Study objective: To assess whether bystander CPR (BCPR) on collapse affects initial rhythm and outcome in patients with witnessed, unmonitored out-of-hospital cardiac arrest (OHCA).

Design: Prospective cohort study. Student's t test, the chi 2 test, and logistic regression were used for analysis.

Setting: Suburban emergency medical service (EMS) system.

Participants: Patients 19 years or older with witnessed OHCA of presumed cardiac origin who experienced cardiac arrest before EMS arrival between July 1989 and July 1993.

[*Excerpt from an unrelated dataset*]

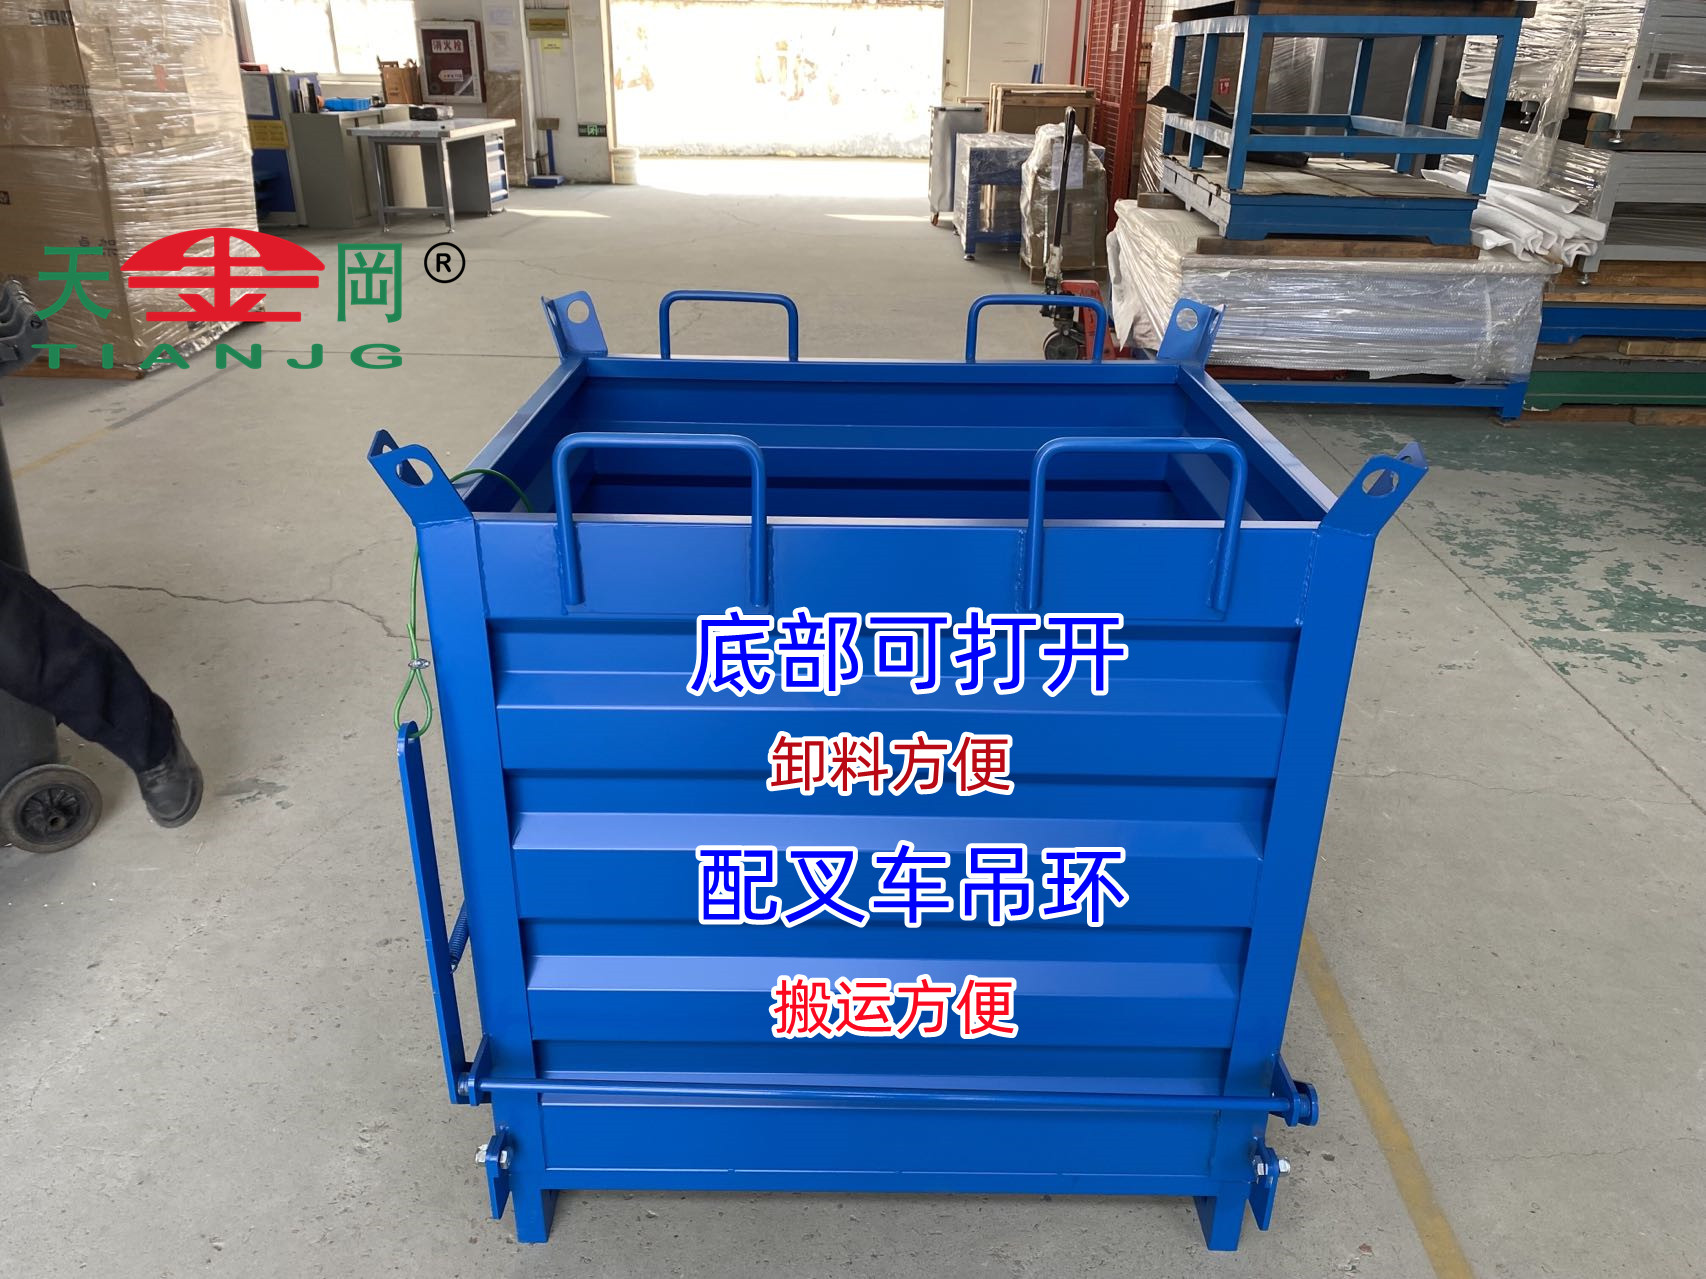 自卸式废料箱代替人工高效处理产生的废料【天金冈】

Results: Of 722 patients who met the entry criteria, 153 received BCPR. Patients who received BCPR were younger than those who did not: 62.5 +/- 15.4 years versus 66.8 +/- 15.1 years (P < .01). We found no differences in basic or advanced life support response intervals or in frequency of AED use. More patients initially had ventricular fibrillation (VF) in the BCPR group: 80.9% versus 61.4% (P < .01). The interval to definitive care for ventricular tachycardia (VT)/VF was longer for the BCPR group (8.59 +/- 5.3 versus 7.45 +/- 4.7 minutes; P < .05). The percentage of patients discharged alive who were initially in VT/VF was higher in the BCPR group: 18.3% versus 8.4% (P < .001). In a multivariate model, BCPR is a significant predictor for VT/VF and live discharge with adjusted ORs of 2.7 (95% CI, 1.7 to 4.4) and 2.4 (95% CI, 1.5 to 4.0), respectively. For those patients in VT/VF, BCPR predicted live discharge from hospital with an adjusted OR of 2.1 (95% CI, 1.2 to 3.6).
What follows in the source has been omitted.